In terms of prices, “the market is rational, and probably more rational than it’s ever been, given the impacts of the ACA on [Blue Cross and Blue Shield carrier] reserves and [other] competitors,” Bertolini said. “Folks are being much more careful about pricing.”

Bertolini said carriers face a “stark realization” about pricing risk.

“If you get behind on your pricing, and try to buy share, you just can’t catch up in any reasonable amount of time,” Bertolini said.

See also: Aetna profit tops estimates as medical spending declines

Microphones in front of a U.S. flag, representing elections

3. Aetna is hoping the fall elections will make the public exchange situation better.

Bertolini said Aetna is already selling Medicare Advantage coverage through nine private exchanges and plans to start its own Medicare Advantage plan private exchange, with help from its bswift unit, to respond to the possibility that federal funding changes could shake up the market for employer-sponsored group Medicare Advantage plans and cause the sponsors to send enrollees out to buy individual coverage.

Bertolini also said the business value to Aetna of the public exchange system has, up till now, far outweighed any losses the company might have suffered on exchange plans during the first two years of program operations.

“We see this as a good investment,” Bertolini said.

Acquiring the 911,000 enrollees Aetna has acquired through the PPACA exchange system would have cost the company $1.2 billion, if it had acquired those enrollees through conventional means, and simply expanding into 15 additional states it was able to enter through the exchange system would have cost the company $600 million to $750 million without the help of the exchange system, Bertolini said.

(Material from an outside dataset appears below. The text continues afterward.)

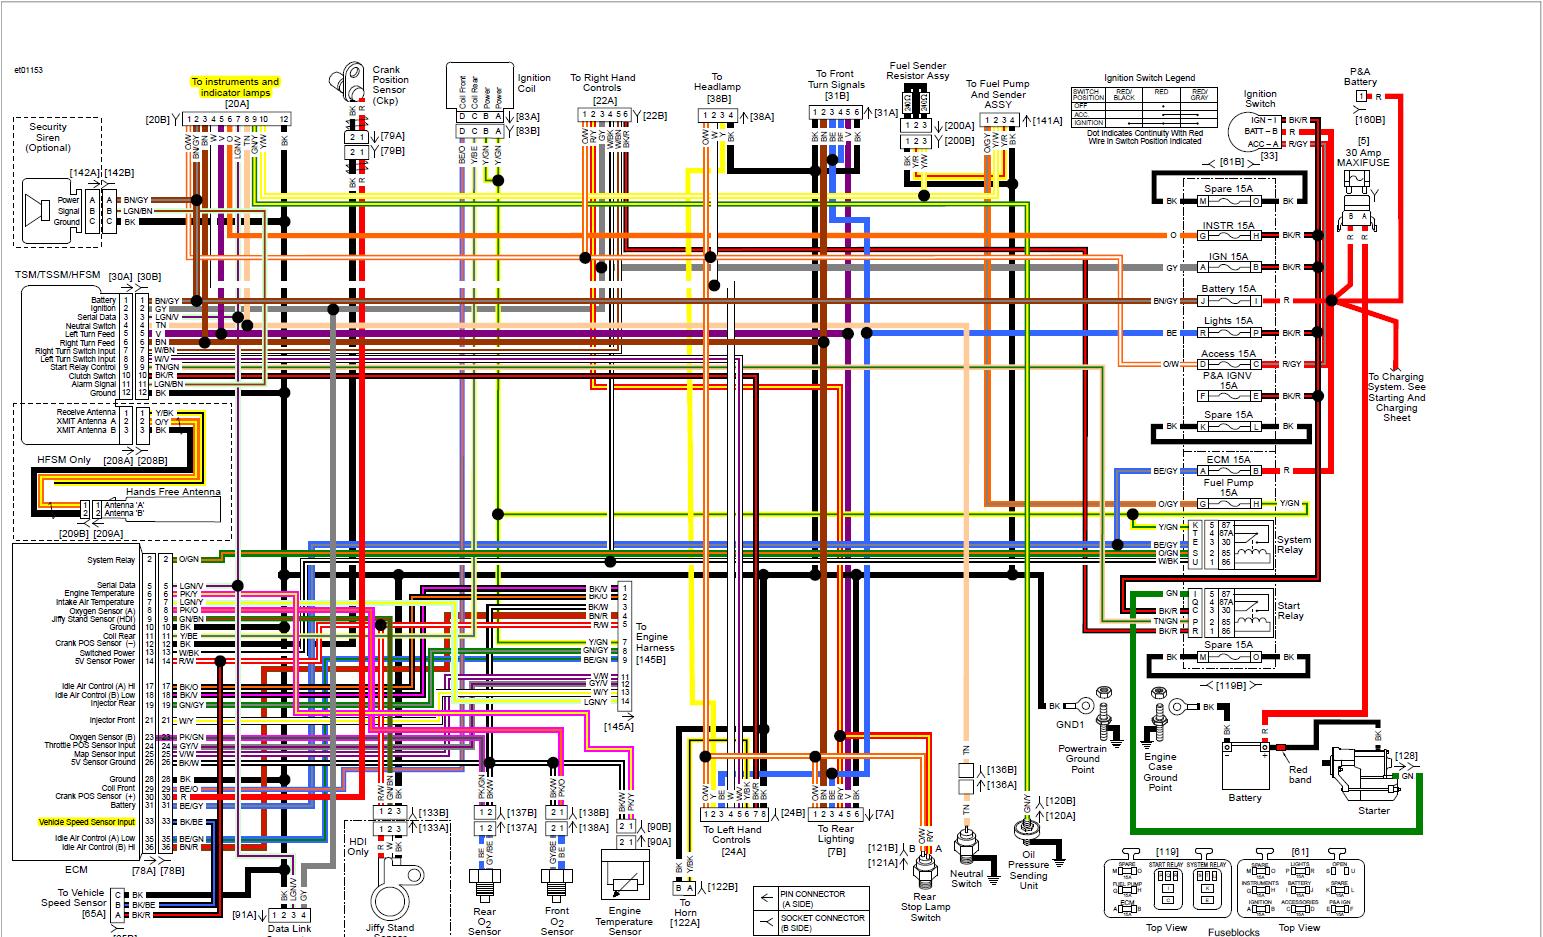 Harley Sd Sensor Wiring Diagram Wiring Diagram Cow Information Cow Information Led Illumina It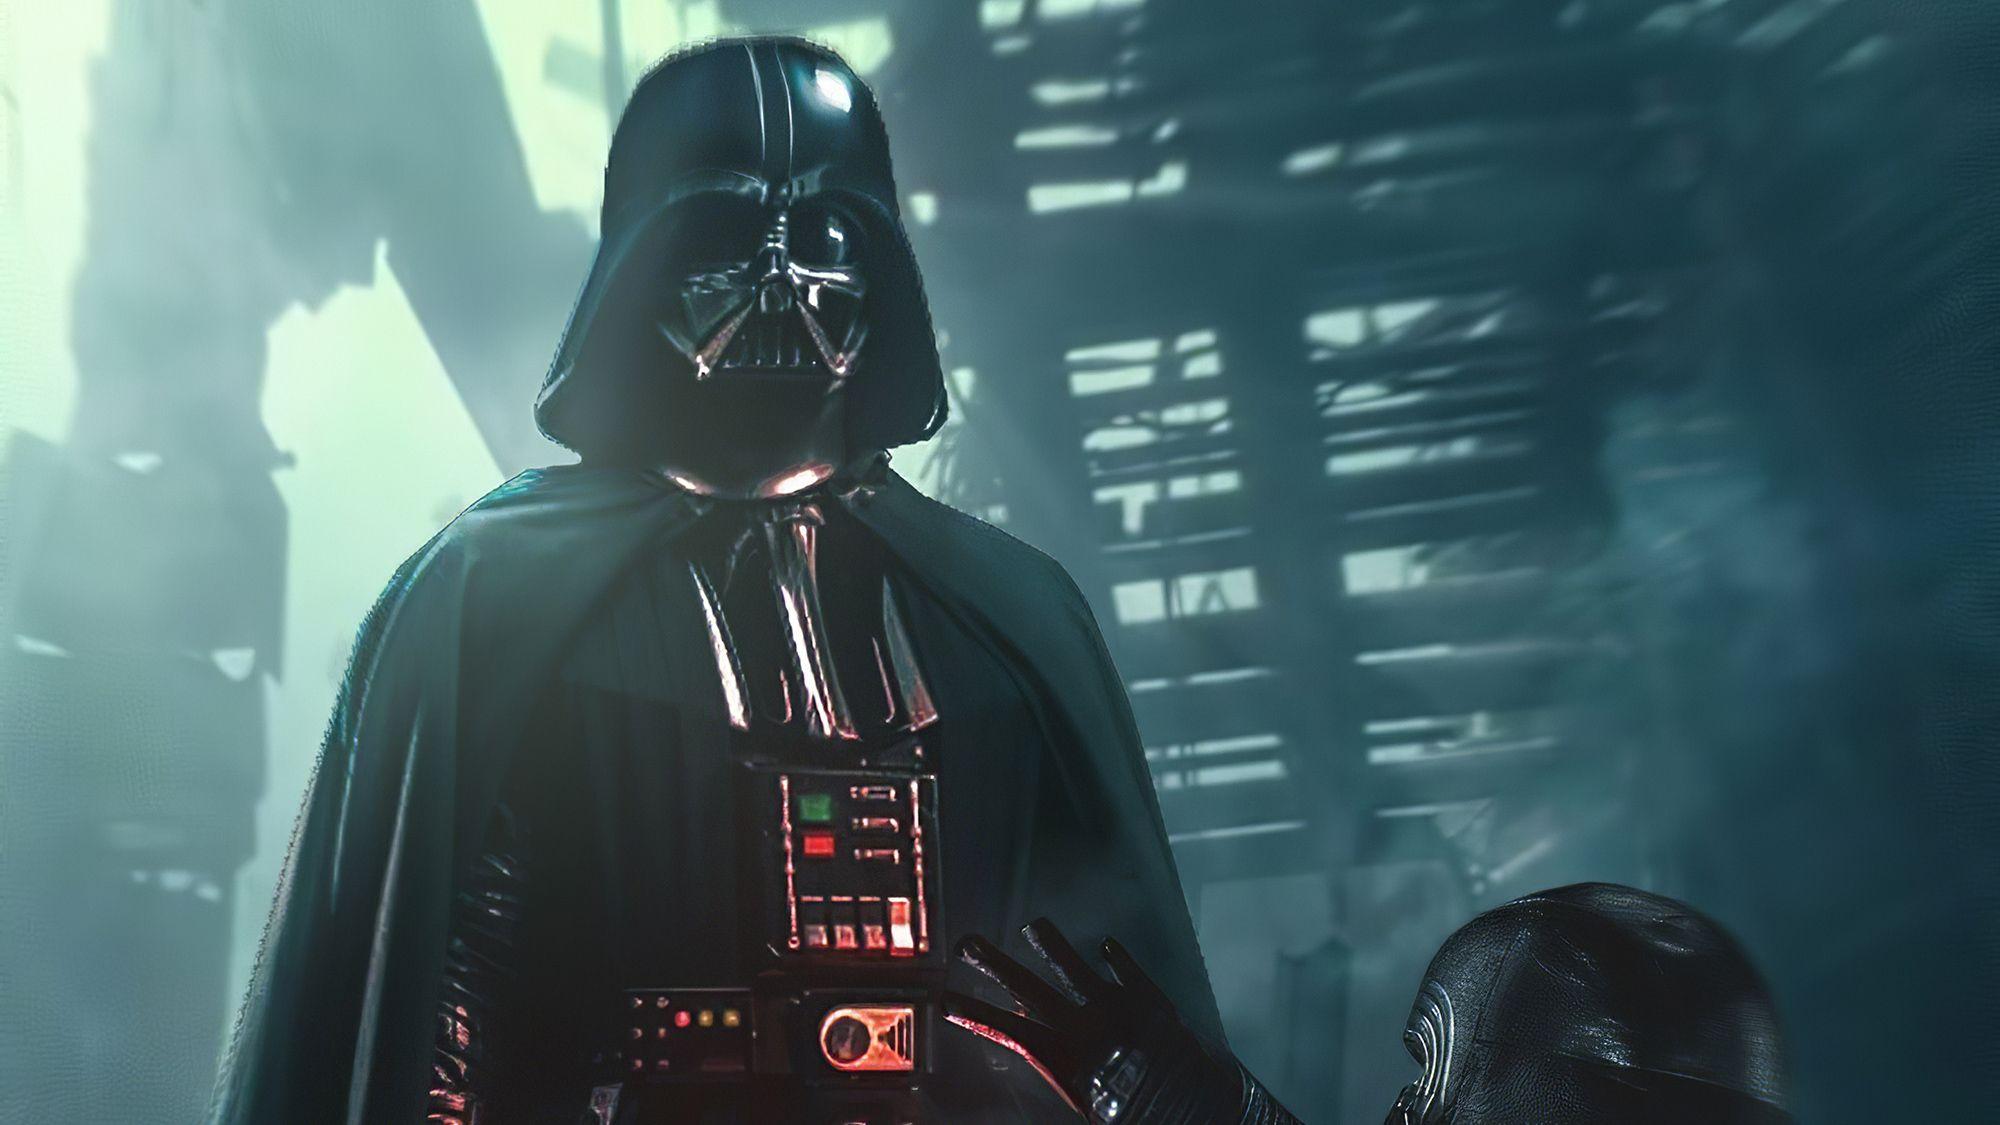 Darth Vader Helmet Desktop Wallpapers - Wallpaper Cave

Bertolini said Aetna wants to work with policymakers to split the risk pools into more parts, develop different products for different risk pools, and, in general, make the exchange program more flexible.

Aetna is hoping to get “an administration and a Congress that will allow us to change the [exchange] product like we change Medicare every year, and the way we change Medicaid every year,” Bertolini said. “We haven’t been able to touch this product because of the politics.”